**What is being asked**
Pictures in the entries below are excluded; copy only the lines from the one containing "Shuh duh duh" to the one containing "exam-eg.com_146041997074.jpg", both included.

**Information provided**
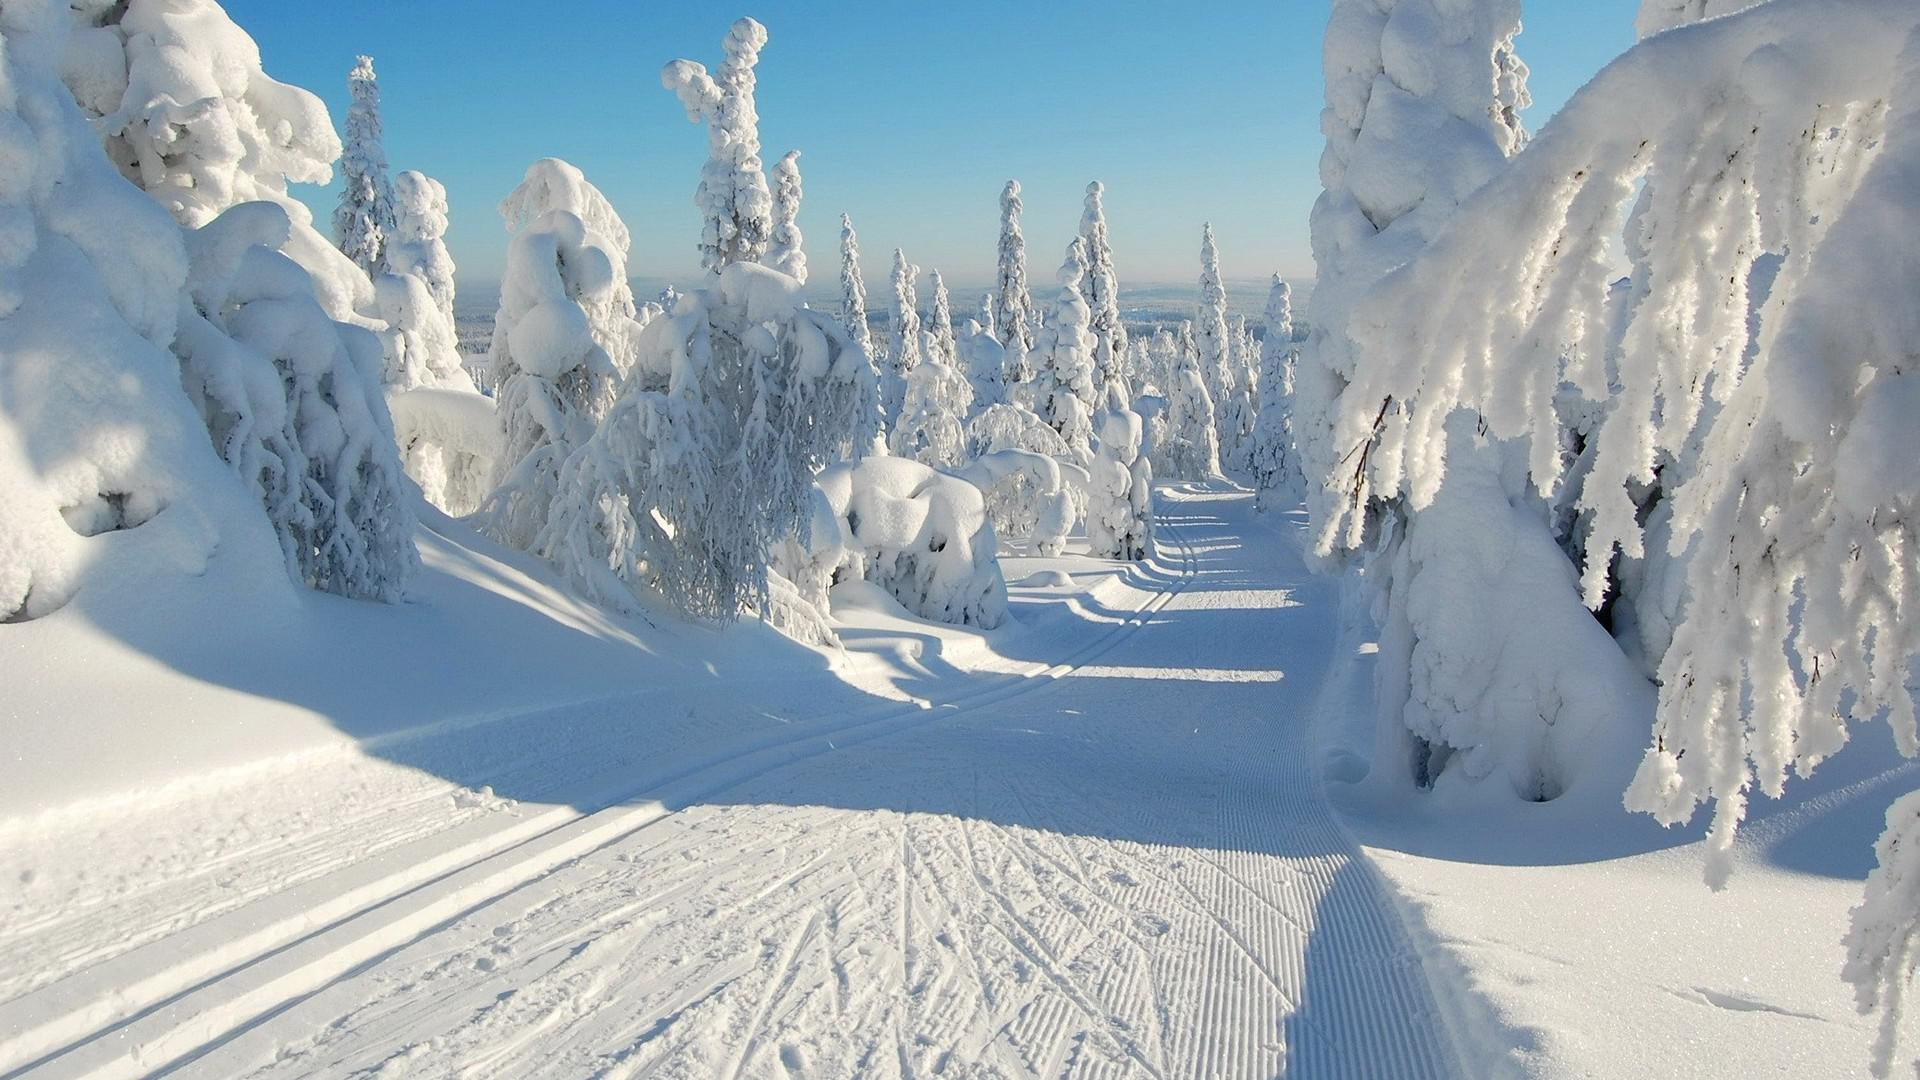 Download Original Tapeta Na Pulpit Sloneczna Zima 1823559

...

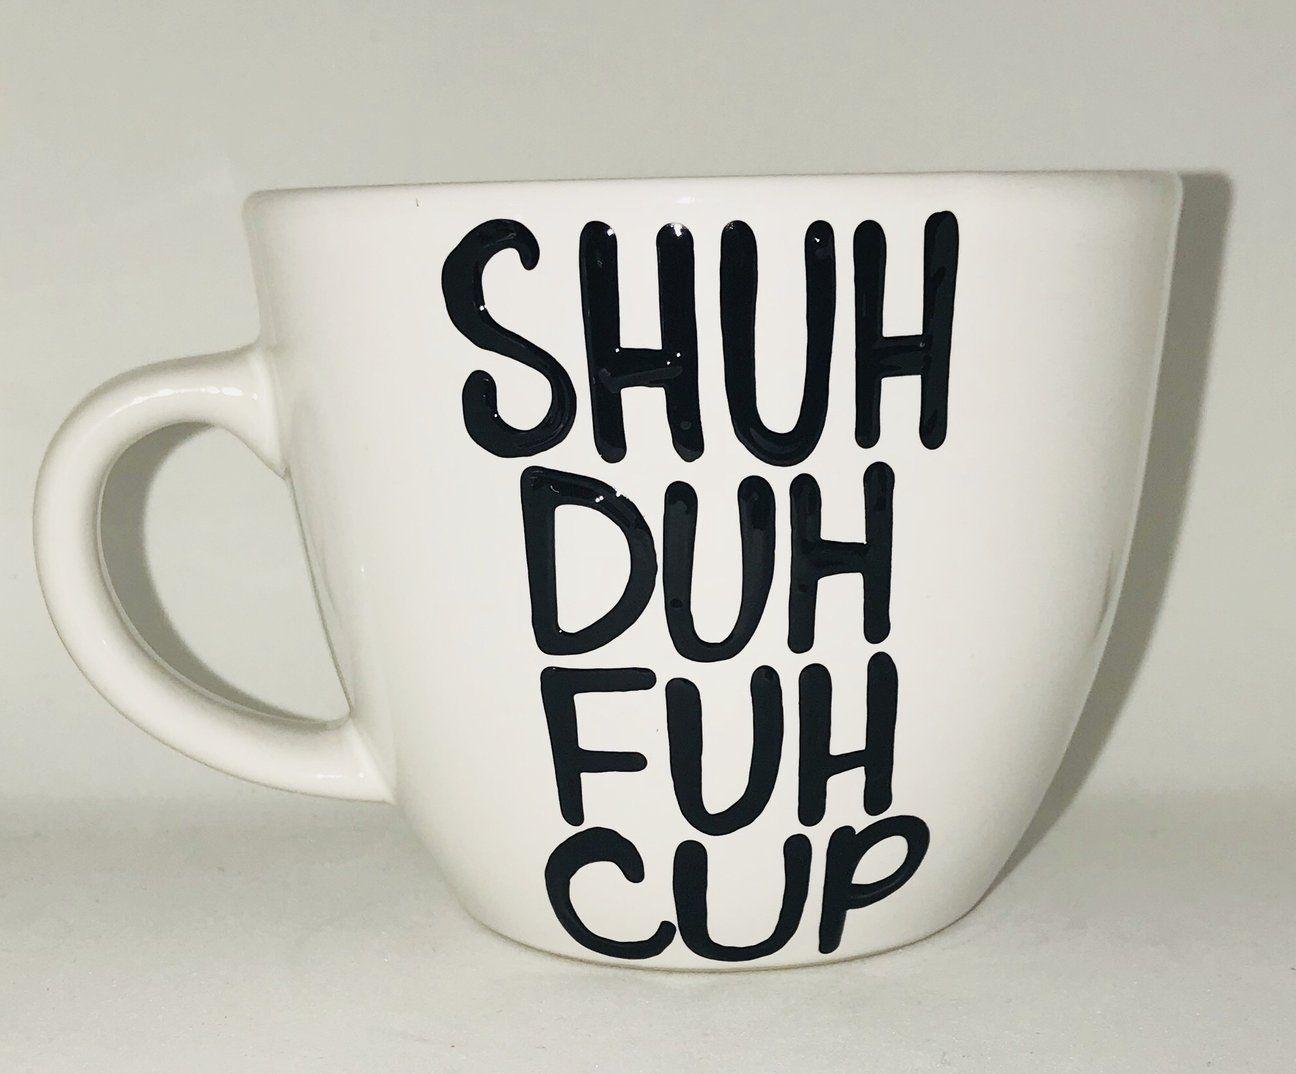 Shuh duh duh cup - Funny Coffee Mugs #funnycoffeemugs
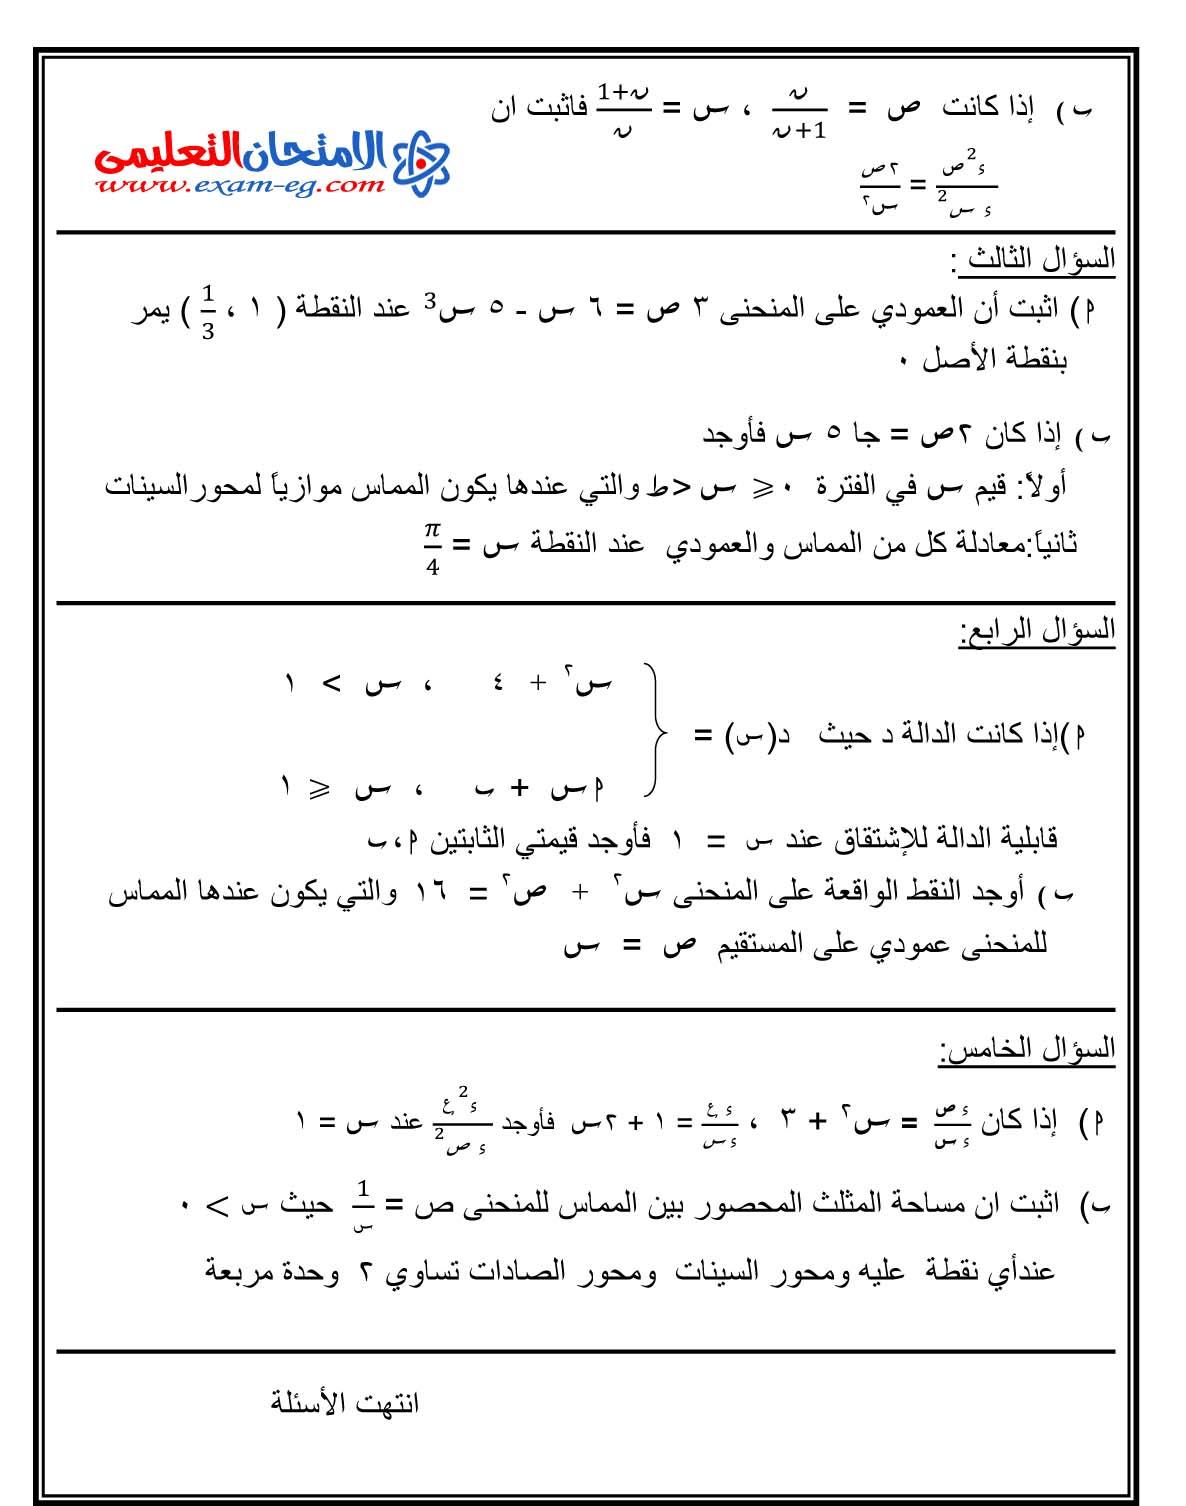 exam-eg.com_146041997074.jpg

**Solution**
 Shuh duh duh cup - Funny Coffee Mugs #funnycoffeemugs
 exam-eg.com_146041997074.jpg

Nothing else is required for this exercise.